- [Source data]
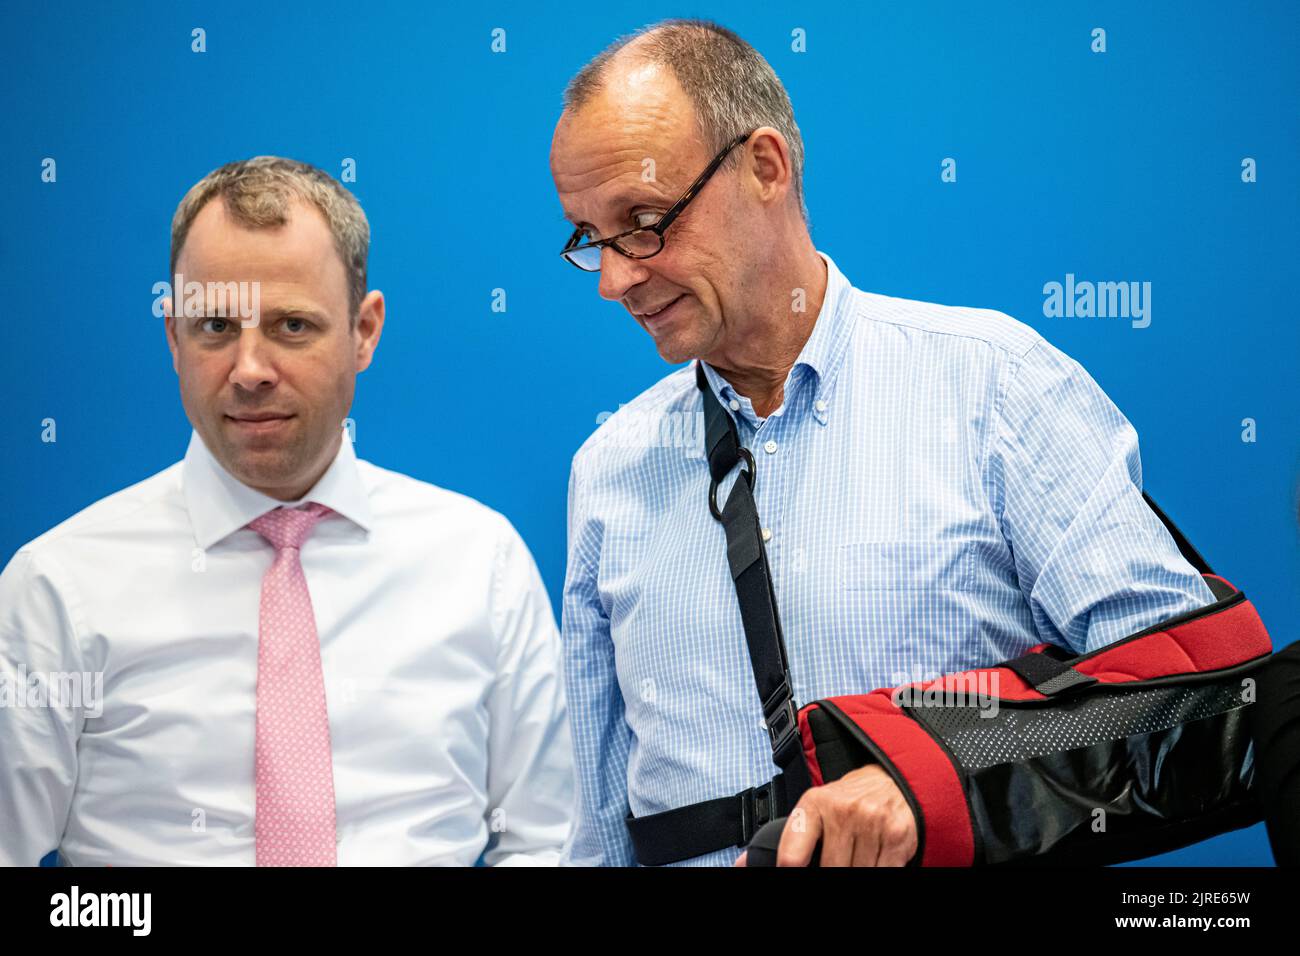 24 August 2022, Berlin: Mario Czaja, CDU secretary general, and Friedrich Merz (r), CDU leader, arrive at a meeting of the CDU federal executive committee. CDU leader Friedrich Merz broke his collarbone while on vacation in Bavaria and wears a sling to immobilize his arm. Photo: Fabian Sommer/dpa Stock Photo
...
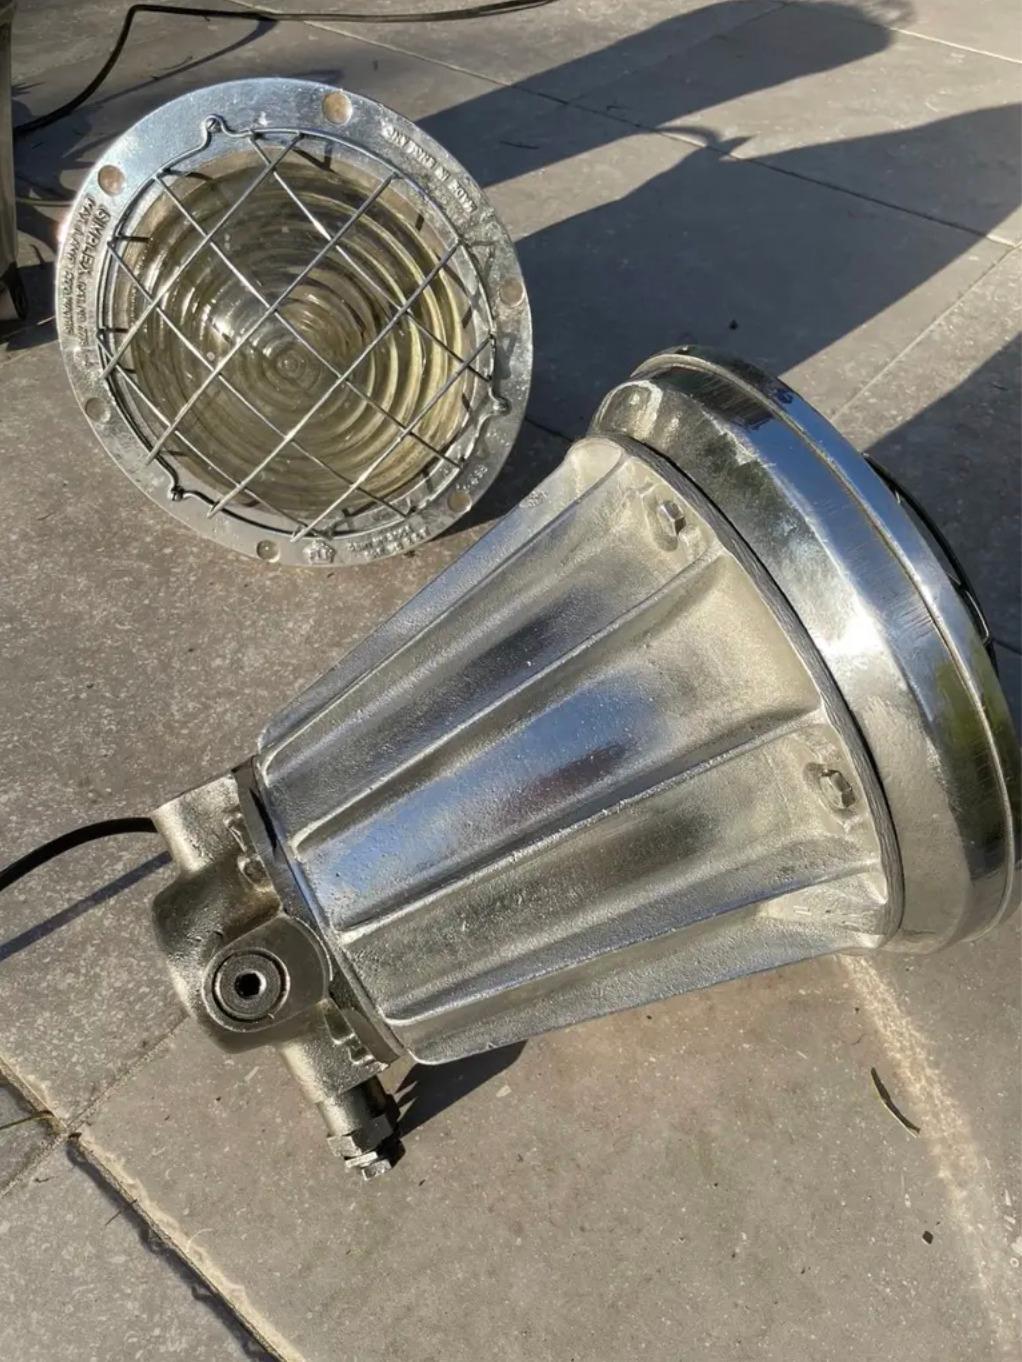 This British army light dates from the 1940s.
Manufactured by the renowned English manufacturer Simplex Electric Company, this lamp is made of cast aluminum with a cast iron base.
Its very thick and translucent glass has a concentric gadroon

- [Action item]
Beginning with the line above that contains "This British army" and finishing with the line that contains "Its very thick", print those lines exactly and only. Skip all pictures.

- [The completed task]
 This British army light dates from the 1940s.
Manufactured by the renowned English manufacturer Simplex Electric Company, this lamp is made of cast aluminum with a cast iron base.
Its very thick and translucent glass has a concentric gadroon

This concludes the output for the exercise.